In a solid, both electrons and atomic nuclei contribute to the thermodynamical and elastic quantities, such as the Young modulus. Electronic contributions, which typically aren't negligible, are usually considered from a quantum mechanical point of view, while nuclei contributions can be considered classically. You can see how the thermodynamical limits plays a role by considering non-interacting electrons in a periodical lattice (I hope you are familiar with quantum mechanics, because that's at the heart of it). If you solve the Schrödinger equation for the hamiltonian of the non-interacting electrons in the potential of the lattice, you will find a relation between the energy E and the wave-number k of the electrons. For instance, in the one dimensional tight-binding model, you find:
\begin{equation}
E(k)=-2tcos(ka)
\end{equation}
where a is the separation between atoms in the lattice, and t describes the probability of an electron tunneling from one atom to a neighboring one.
In order to fully solve the problem, since the Schrödinger equation is a differential equation, you need to set boundary conditions. The choice of boundary conditions is important for "small" systems, but it plays no significant role for "big" systems (that is, in the thermodynamic limit). The imposition of boundary conditions results in the quantization of momentum, and you'll usually find that you have as many allowed quantum states as sites in the lattice (if you allow only one electron per site, and neglecting the spin). For periodic boundary conditions, the allowed states are given by:
\begin{equation}
k_n=\frac{2\pi n}{L}
\end{equation}
where L is the length of the system and n an arbitrary integer.
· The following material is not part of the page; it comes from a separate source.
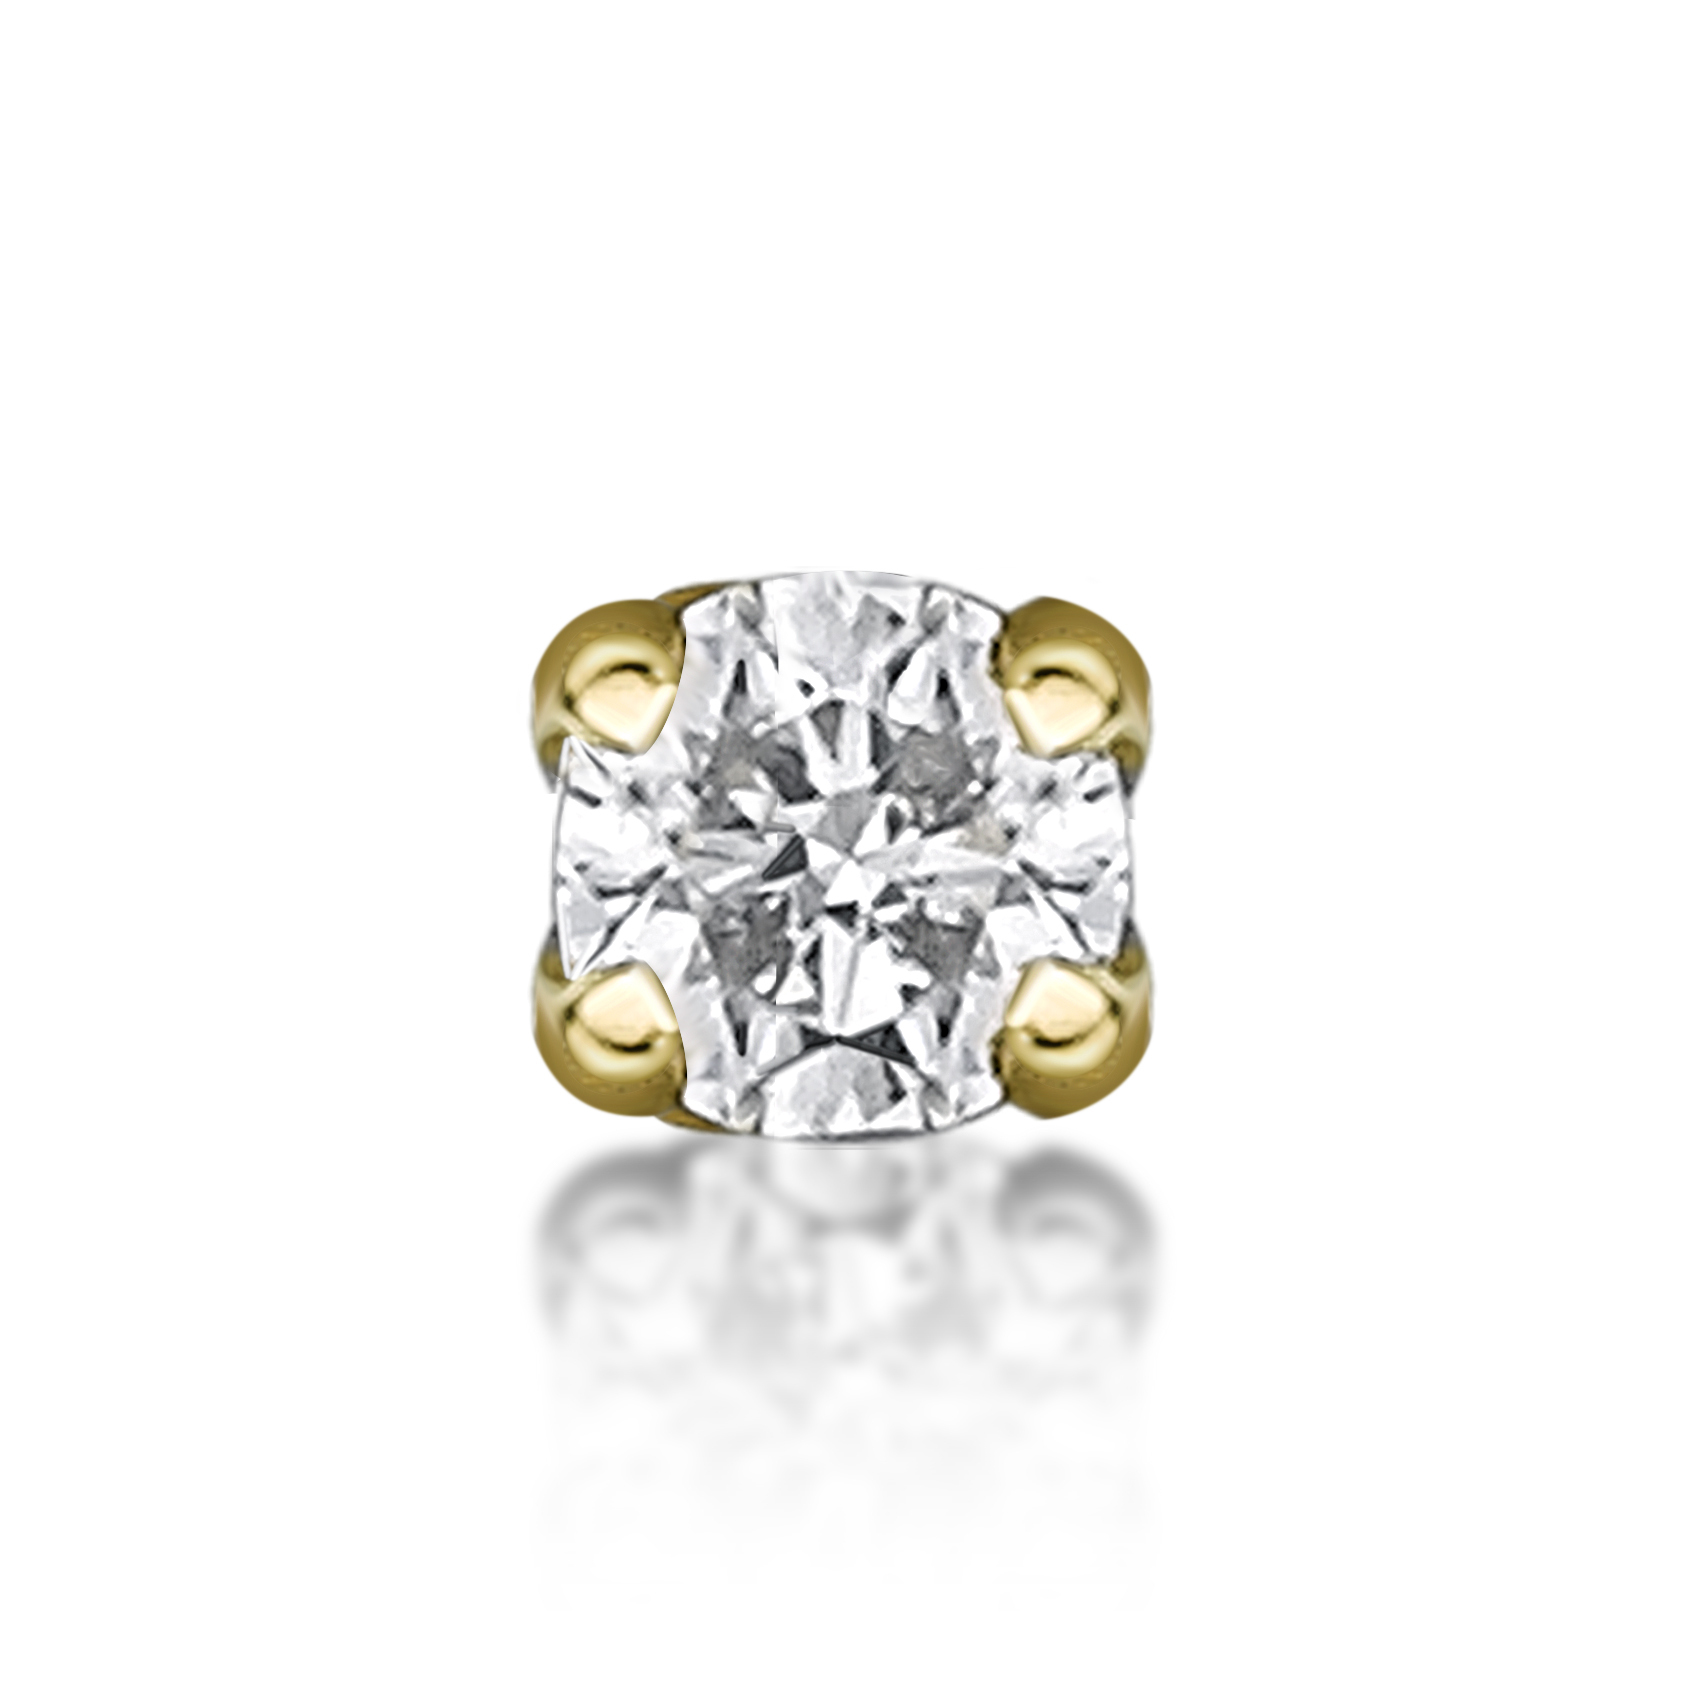 Lavari Jewelers Women's White Diamond 14K Yellow Gold Stud Nose Ring, 0.01 Carat, 18 Gauge

Note that this implies that the electrons can't take any value of energy, but only those corresponding to a $k_n$ (energy is quantized). One can notice that the separation in wave-number between two "adjacent" states (that is, a state for a given n and the state for n+1) will be then
\begin{equation}
\Delta k=k_{n+1}-k_n=\frac{2\pi}{L}
\end{equation}
To count the number of states N, per unit length, you can do the following sum:
\begin{equation}
\frac{N}{L}=\frac{1}{L}\sum_{k} 1=\frac{1}{L}\sum_{k} \frac{\Delta k}{\frac{2\pi}{L}}=\frac{1}{2\pi}\sum_{k} \Delta k
\end{equation}
Being able to do sums over the states is really useful in solid state physics to calculate average values and thermodynamical quantities through a statistical mechanics approach.
Now comes the important part: when you take the thermodynamic limit ($L\rightarrow \infty$), the separation $\Delta k$ becomes infinitely small, which implies that the possible values for the energy become continuous, and that you have to replace the sum over discrete states by an integral over the (now continuous) values of k:
\begin{equation}
\sum_{k} \Delta k \rightarrow \int dk
\end{equation}
so:
\begin{equation}
\frac{1}{L}\sum_{k} 1=\frac{1}{2\pi}\int dk
\end{equation}
If you do the same analysis in the three dimensional case (by the way, you can do it for d dimensions), you have to replace L by V and more $2\pi$ factors appear. The systematic way of taking this limit is then by replacing the sums by integrals in your calculations in the following way:
\begin{equation}
\frac{1}{V}\sum_{k} \rightarrow \frac{1}{(2\pi)^3}\int dk
\end{equation}
While it is true than in reality you will never have $L\rightarrow \infty$, you can consider that you have entered this regime when $\frac{L}{a}>>1$. For two atoms, this will never be the case since L=a by definition (the size L of your system is the distance between the atoms a), but considering the typical interatomic distances, which are of the order of Angstroms or nanometers, a sample of a few micrometers can already be treated by this approach.